A morte precisa de medir a vida para saber que gosto vai deixar na boca dos outros. Mas os poetas às vezes antecipam-se, e vão deixando hipóteses. Como esta: «O morto, por pouco, é pesado e eterno./ Amanhã// a vida continua com buzinas, provérbios,/ sorveteiros nas esquinas,/ esplêndidas pernas de mulheres/ e esse ar alheio// de que a morte/ não apenas se dilui aos poucos,/ mas é uma coisa que só acontece aos outros».

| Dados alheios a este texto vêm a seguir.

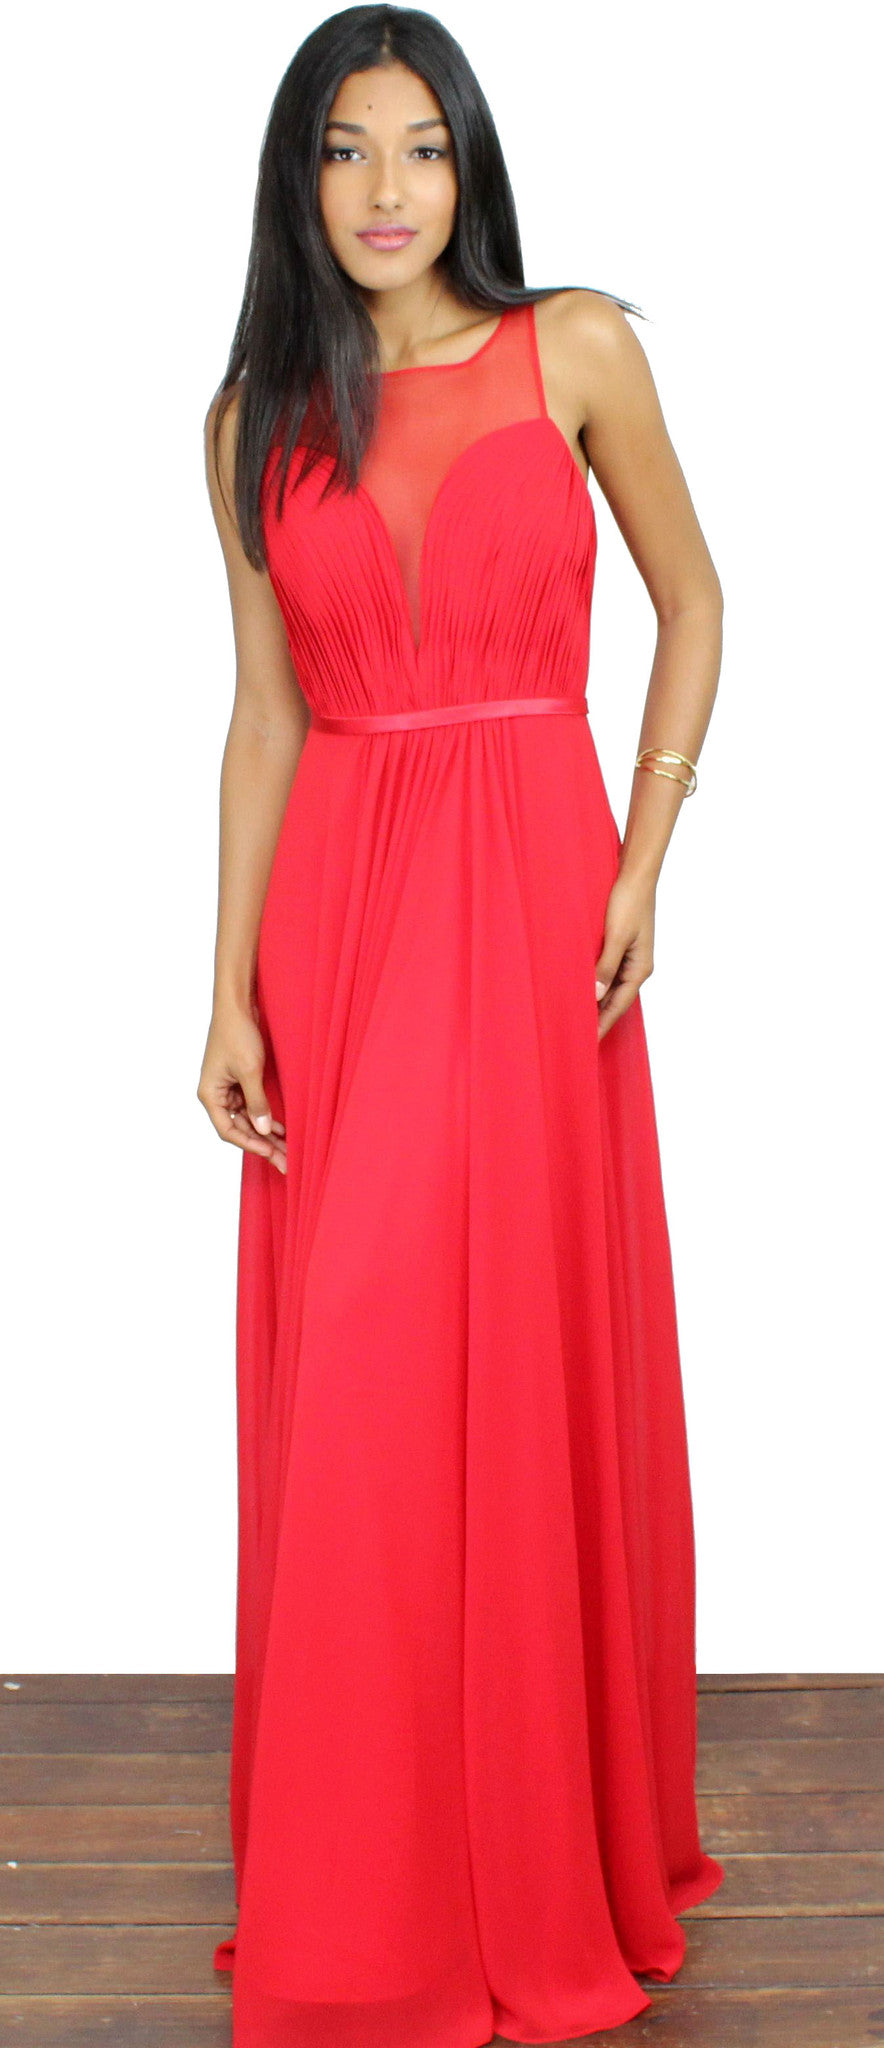 Looking Glass Red Draped Gown

Foi o escritor brasileiro Affonso Romano de Sant’Anna quem escreveu estes versos, e que, na passada terça-feira, se reuniu com a morte, aos 87 anos, que talvez possa fazer algum proveito do enorme conhecimento da literatura que, em parte, assim se perdeu. A outra parte ele deixou nos seus tantos ensaios, nas crónicas que se detinham também sobre questões mais gerais da cultura e da política brasileiras, tendo colaborado em publicações como o Jornal do Brasil, Estado de Minas, Correio Braziliense e O Globo. Publicou mais de 60 obras, e empenhou-se enquanto gestor cultural, dirigindo a Fundação Biblioteca Nacional entre 1990 e 1996 e implementando projetos de modernização do acervo e incentivo à leitura. «Como estudioso, pesquisou as matrizes clássicas de dois procedimentos que se refletiram em muito da nossa produção – a paráfrase e a paródia», assinalou o escritor Chico Viana. «Esta última categoria, trabalhada em alguns dos seus textos e brilhantemente explorada nas aulas, levou-nos a compreender melhor a obra de um Oswald de Andrade, um Drummond ou um Mário Quintana (para citar alguns exemplos)».

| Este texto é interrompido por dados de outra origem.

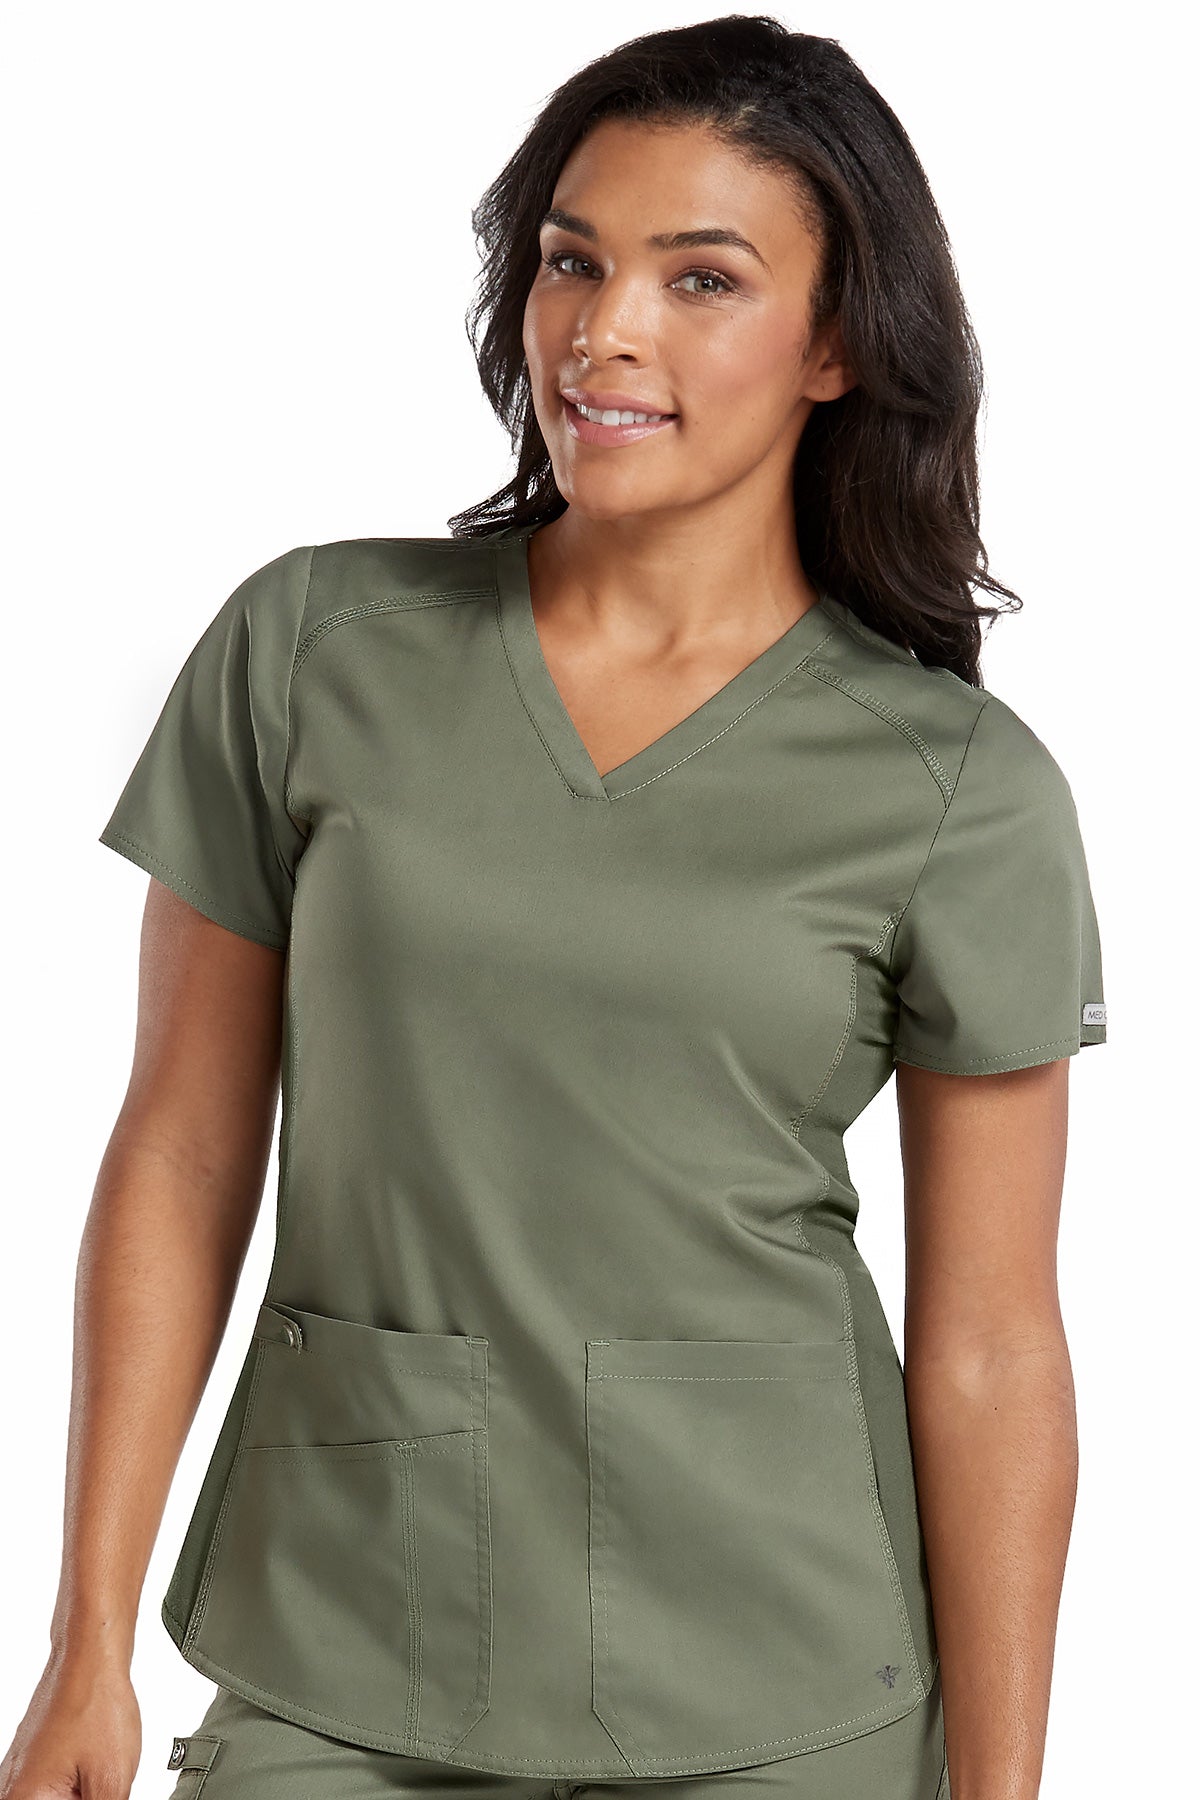 Med Couture Scrub Top Touch Shirttail V-Neck in Olive at Parker's Clothing and Shoes.

Era casado desde a década de 1970 com a escritora Marina Colasanti, que morreu em janeiro, aos 87 anos, por complicações relacionadas com a doença de Parkinson. Já ele sofria de Alzheimer desde 2017. O jornalista Fábio Lau contou numa publicação nas redes sociais como, há uns anos, esteve no seu apartamento e o encontrou seriamente deprimido. «Estava proibido de pisar no terraço da própria cobertura. Perdera parte, a metade, do seu patrimônio. Acesso vetado por um jovem criminoso do Pavão que mandou um aviso, no grito: ‘Vovô, essa laje agora é nossa. Não queremos ninguém aí. Se aparecer vai ter bala!’ A poesia do escritor e colunista não combinava com enfrentamento e resistência. Affonso Romano de Sant’Anna tornara-se refém, mental e fisicamente, na sua própria casa».